Ld. lt. Lincs. 1809-52; recorder, Boston 1820.
Cornet, Lincs. yeomanry 1798; capt. R. North Lincs. militia 1803, maj. 1805; col. S. Lincs. militia 1811.
Cust, ‘a student of the classics with literary and refined tastes’,1 was returned unopposed for Clitheroe on his father’s recently acquired interest in 1802 and at the next two general elections. He made no mark in the House and is not known to have spoken in debate. He voted against the Addington ministry on the Irish militia bill, 10, 11 and 13 Apr. 1804, but not in the divisions of 23 and 25 Apr. which sealed the government’s fate.

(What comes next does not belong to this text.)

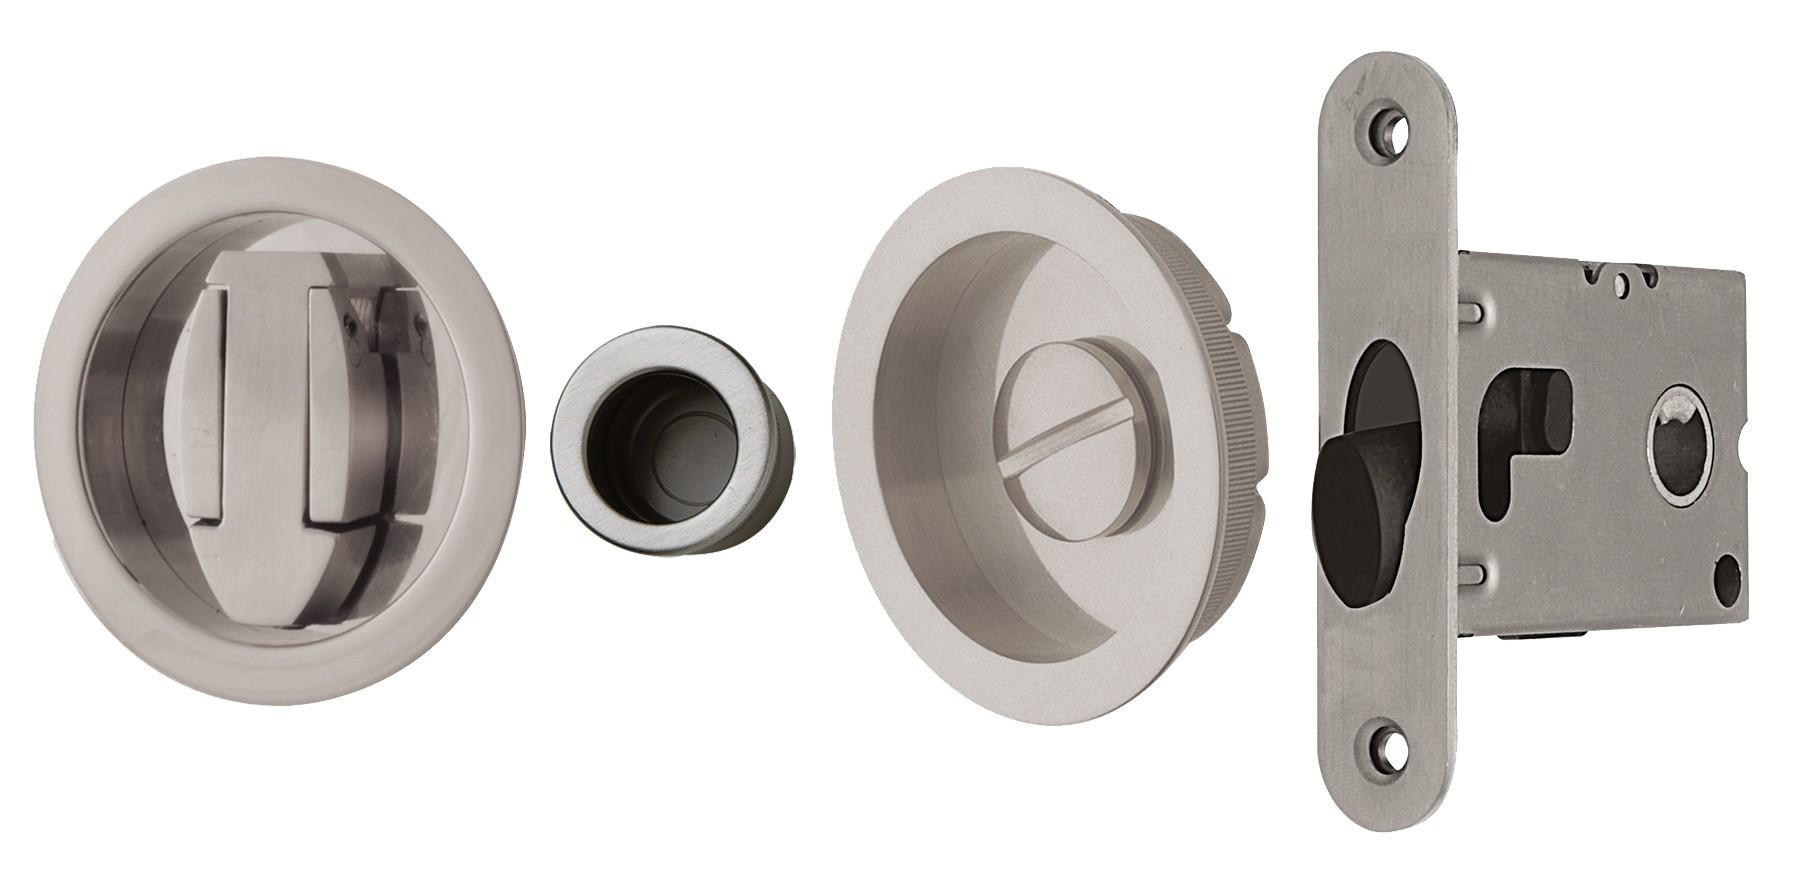 Ahi Sdk091pv 45 Privacy Pocket Door Kit Polished Brass
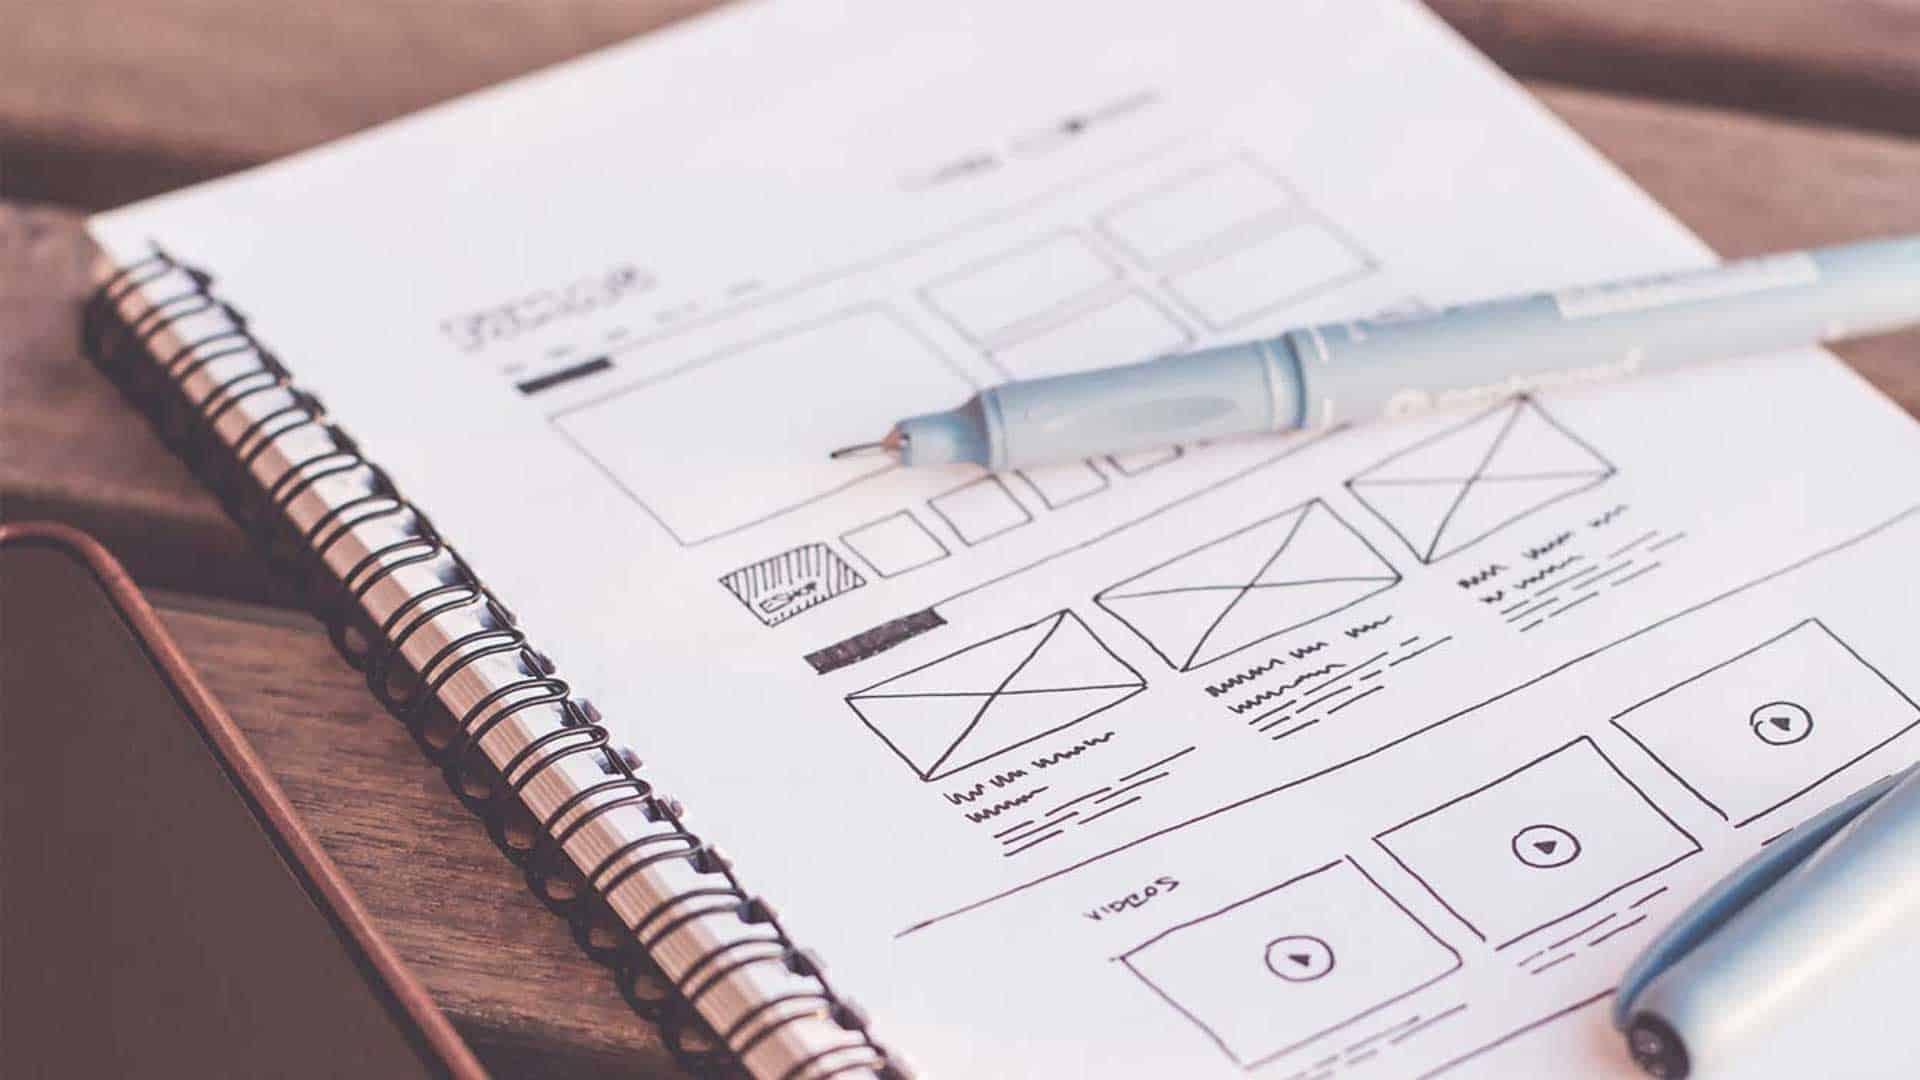 User Experience Design sketchbook

On 10 June Lord Brownlow wrote to Pitt:
As under the present circumstances it must doubtless be acceptable to you to know the political opinions of Members of Parliament, I do myself the honour of waiting on you for the purpose of introducing to you my son, Mr Cust, who is constant in his attendance on parliamentary business; and at the same time to acquaint you that you may rely on the support of him and myself to the general measures of your administration ... this line of conduct is in strict conformity with that which I pursued during your late administration.2
Cust duly supported Pitt’s second ministry and voted against the censure of Melville, 8 Apr. 1805; but when his father wrote to the minister two months later soliciting a step in the peerage and a promise of the succession to the lord lieutenancy of Lincolnshire, he was still seeking an opportunity of ‘introducing to you my eldest son who is in Parliament but, I believe, has not the honour of being personally known to you’.3
Cust voted against the Grenville ministry’s repeal of Pitt’s Additional Force Act, 30 Apr. 1806, but on 17 May he apparently joined Brooks’s Club. From June until November he was on militia duty in Huntingdonshire.4 In one source he was listed in the minority against ministers on the Hampshire election petition, 13 Feb. 1807, but on 2 Mar. he was a defaulter ordered to attend the House on the 10th. Shortly afterwards he wrote to his cousin, Simon Yorke*:
A call of the House summoned me hither ‘invita Minerva’ last Monday, but as I sat near a fortnight on the election committee about a month ago, I shall not another, and I have therefore got leave of absence for a fortnight on urgent private business, or in plainer terms, for the sake of fox-hunting.5
He was removed from the Commons at the end of the year by the death of his father, whom the Portland ministry had regarded as ‘doubtful’ on their accession to power.6
He obtained the lord lieutenancy in 1809 and successfully applied to Lord Liverpool for promotion in the peerage in 1815, claiming that ‘no one has been a more steady and zealous friend to your lordship’s administration, and in carrying into execution the measures of government’, particularly those relating to the militia.7 It was later said of him that ‘socially, he was considered very alarming, and many people were terrified of him’.8 He died 15 Sept. 1853.